EVOLUTION OF ENZYMATIC REGULATION OF PROSTAGLANDIN ACTION - NOVEL CONNECTIONS TO REGULATION OF HUMAN SEX AND ADRENAL-FUNCTION, ANTIBIOTIC-SYNTHESIS AND NITROGEN-FIXATION

The recent determination of the amino acid sequences of enzymes that metabolize prostaglandins and steroids has revealed interesting connections between some of these enzymes. Human placental 15-hydroxyprostaglandin dehydrogenase, which catalyzes the oxidation of the Cl5 alcohol on prostaglandins E2 and F2-alpha, is homologous to 11-beta-hydroxysteroid, 17-beta-hydroxysteroid, and 3-alpha,20-beta-hydroxysteroid dehydrogenases.

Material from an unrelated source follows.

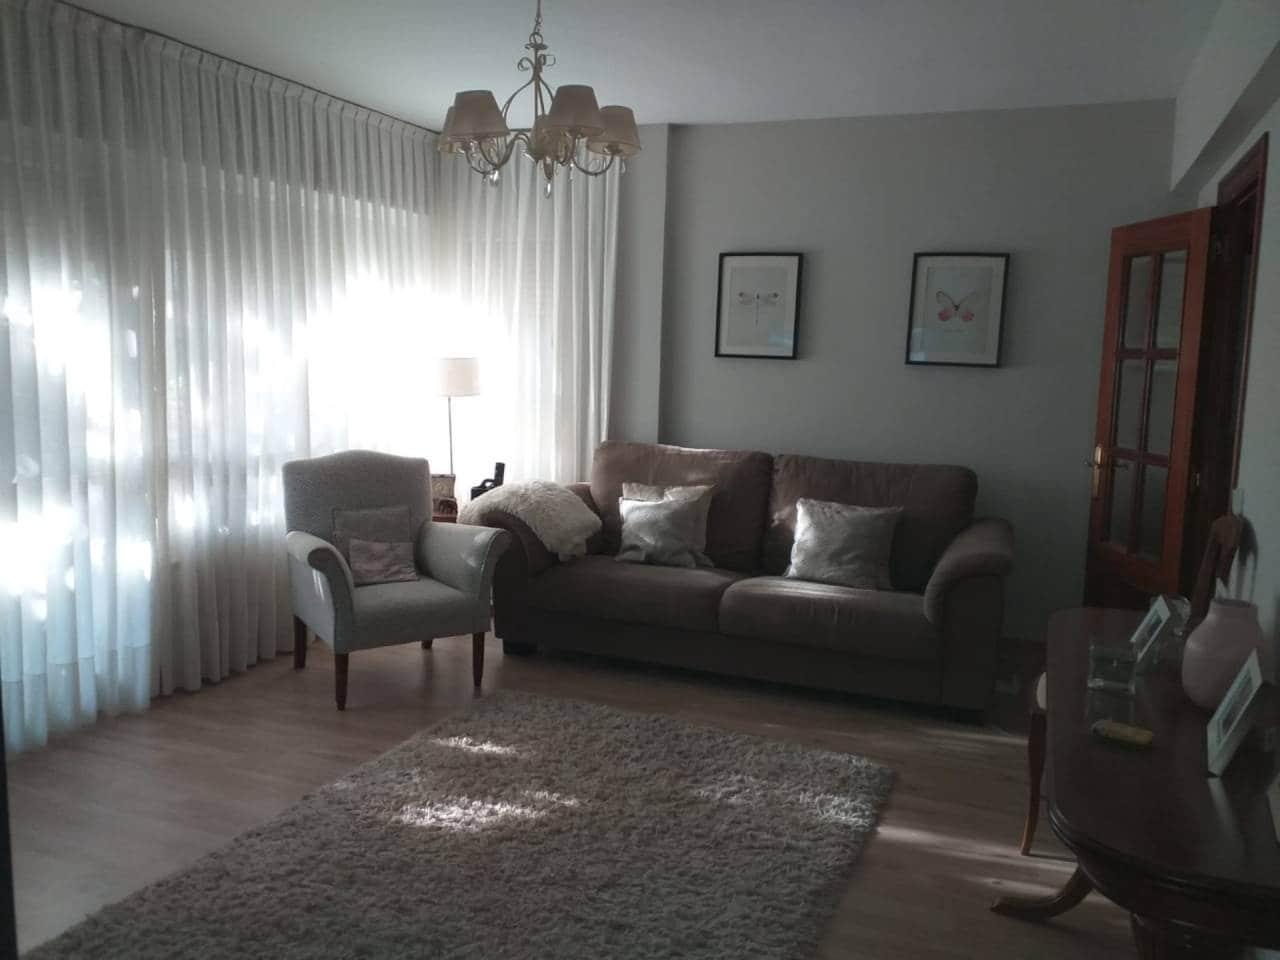 3 chambre Appartement à vendre à Algorta avec garage - 297 000 € (Ref: 5638936)

That is, these four enzymes are derived from a common ancestor. Moreover, enzymes important in synthesis of antibiotics and proteins synthesized by soil bacteria that form nitrogen-fixing nodules in alfalfa and soybeans are homologous to 15-hydroxyprostaglandin dehydrogenase. These homologies provide important insights into the origins of intercellular communication that is mediated by prostaglandins, steroids, and fatty acids.